Yes, I’ll post the photo of the painting when I’m done. It’s kind of starting to shape up but there’s a long way to go. I’m doing a grey-black-white palette but the next one will be colorful. If I don’t drive myself into complete exhaustion before then.
If you understand Russian, here’s a gift for you. It’s a conversation between two leading Ukrainian thinkers about the nature of American society. Not only is the analysis brilliant, it’s based on a deeply conservative sensibility. The roasting of wokesters as a messianic cult and the explanation of Obama’s presidency are priceless.
These are people who love America and are sad to see its current turn towards “I have 73 genders and I’m a bigger victim than you.”

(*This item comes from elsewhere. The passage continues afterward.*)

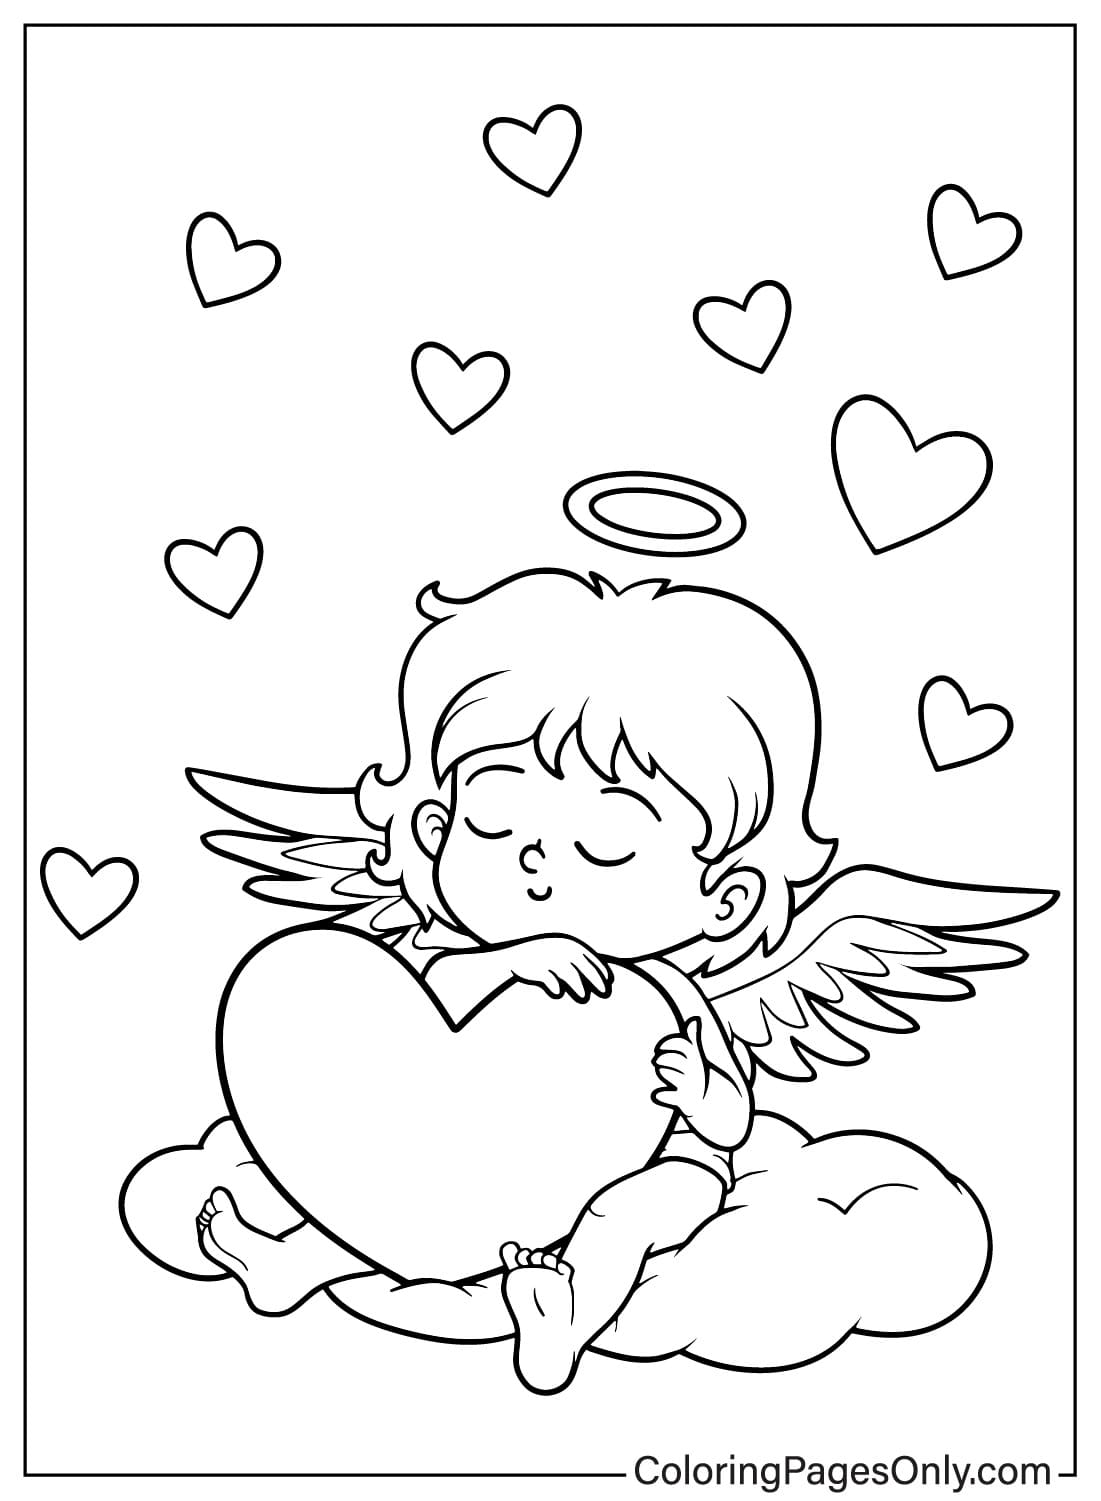 Página para colorear de Cupido imprimible de Cupido
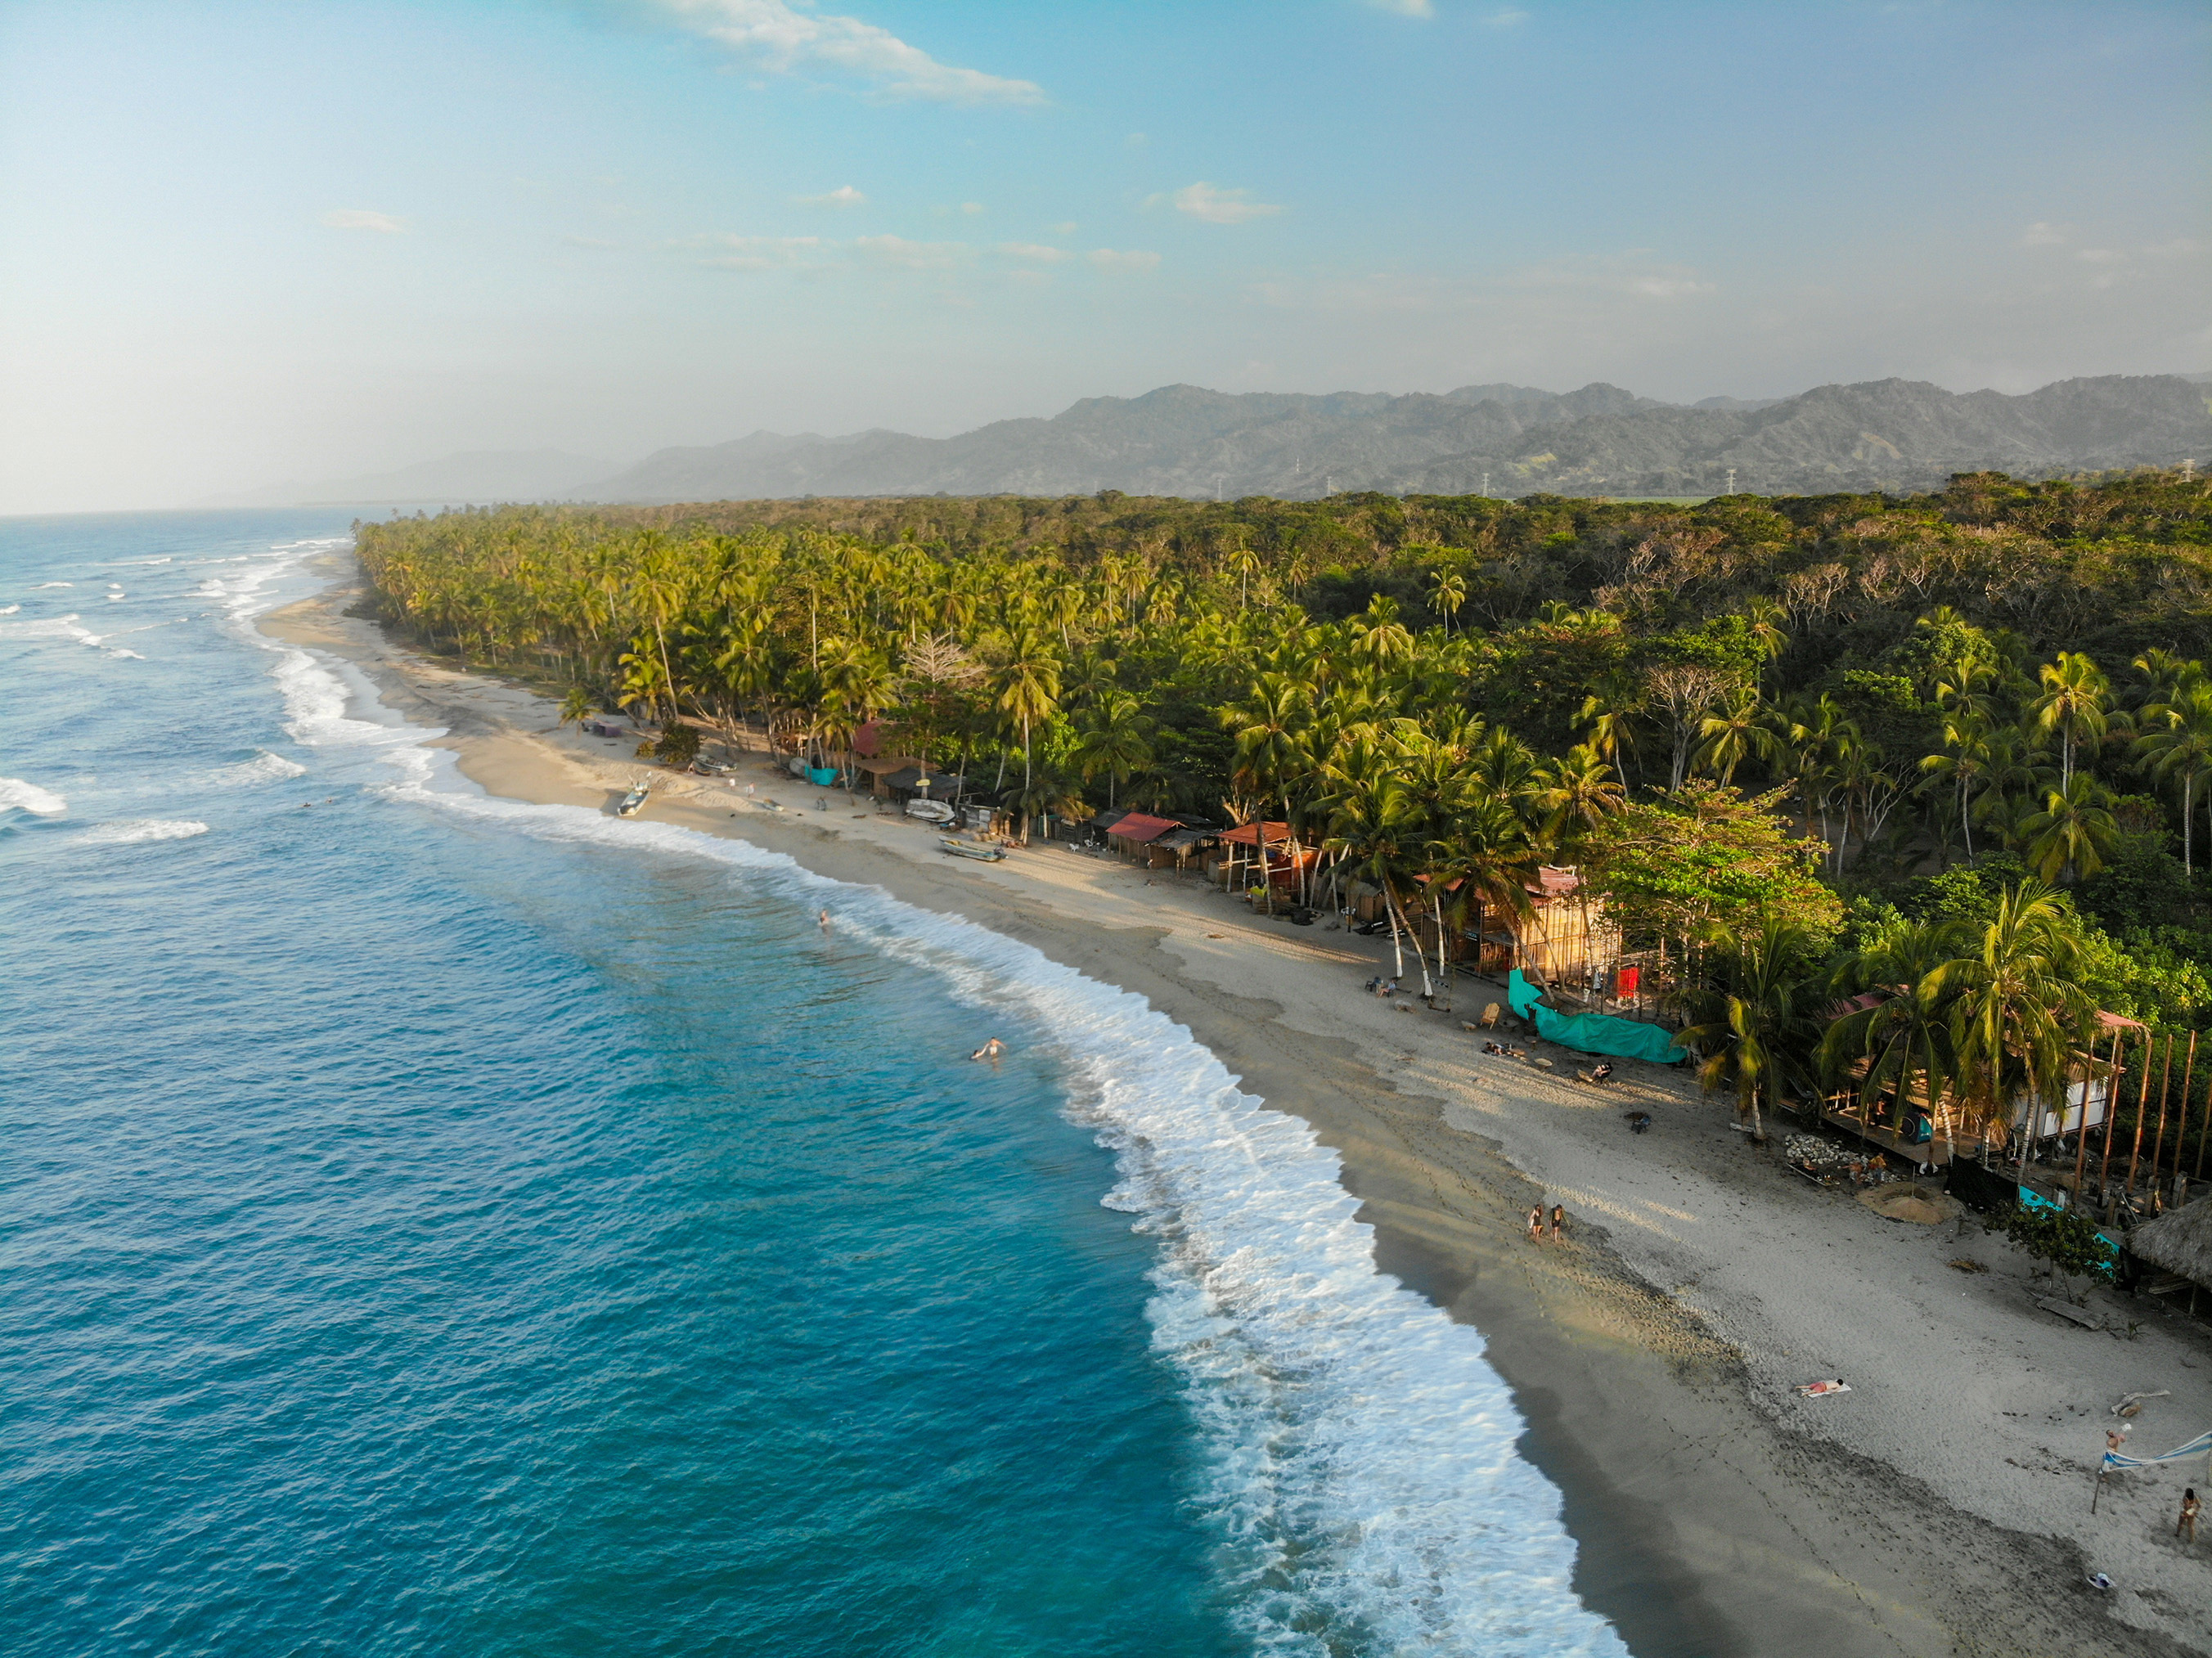 Las playas de color turquesa del Caribe colombiano.

Let’s say I’m department Chair, and the administration says it’s going to cut 3 of our courses because of the budget difficulties. If I go and tell my colleagues that I lost us 3 whole courses, they’ll think I’m a loser, right? So what do I do?
Obviously, I go to the colleagues and tell them that the administration is cutting 16 of our courses. Everybody is stunned. 16 courses? This is a full third of all our course offerings. Sixteen??? This is catastrophic!
Yes, I say. These neoliberal bastards are rabid. Of course, I’ll do what I can but, honestly, I think it’s hopeless.
Then I go and bravely do absolutely nothing.
The administration takes away 4 of our courses because it’s always worse than what was announced.
I go back and tell the colleagues that we lost 4 courses. They were expecting 16, so losing only 4 sounds like an epic win. They think I’m a hero who defended 12 courses from elimination and eagerly set to cover the comparatively small loss of 4. Everybody loves me and votes to reelect me for a new term.
I haven’t done anything like it, and things don’t work like that at all. Everybody has to fulfill their contractual teaching loads, and the administration would never cut into that. I’m not talking about academia at all in this post.
I’ll let you guess what I’m actually talking about. I only want to add that spin is everything.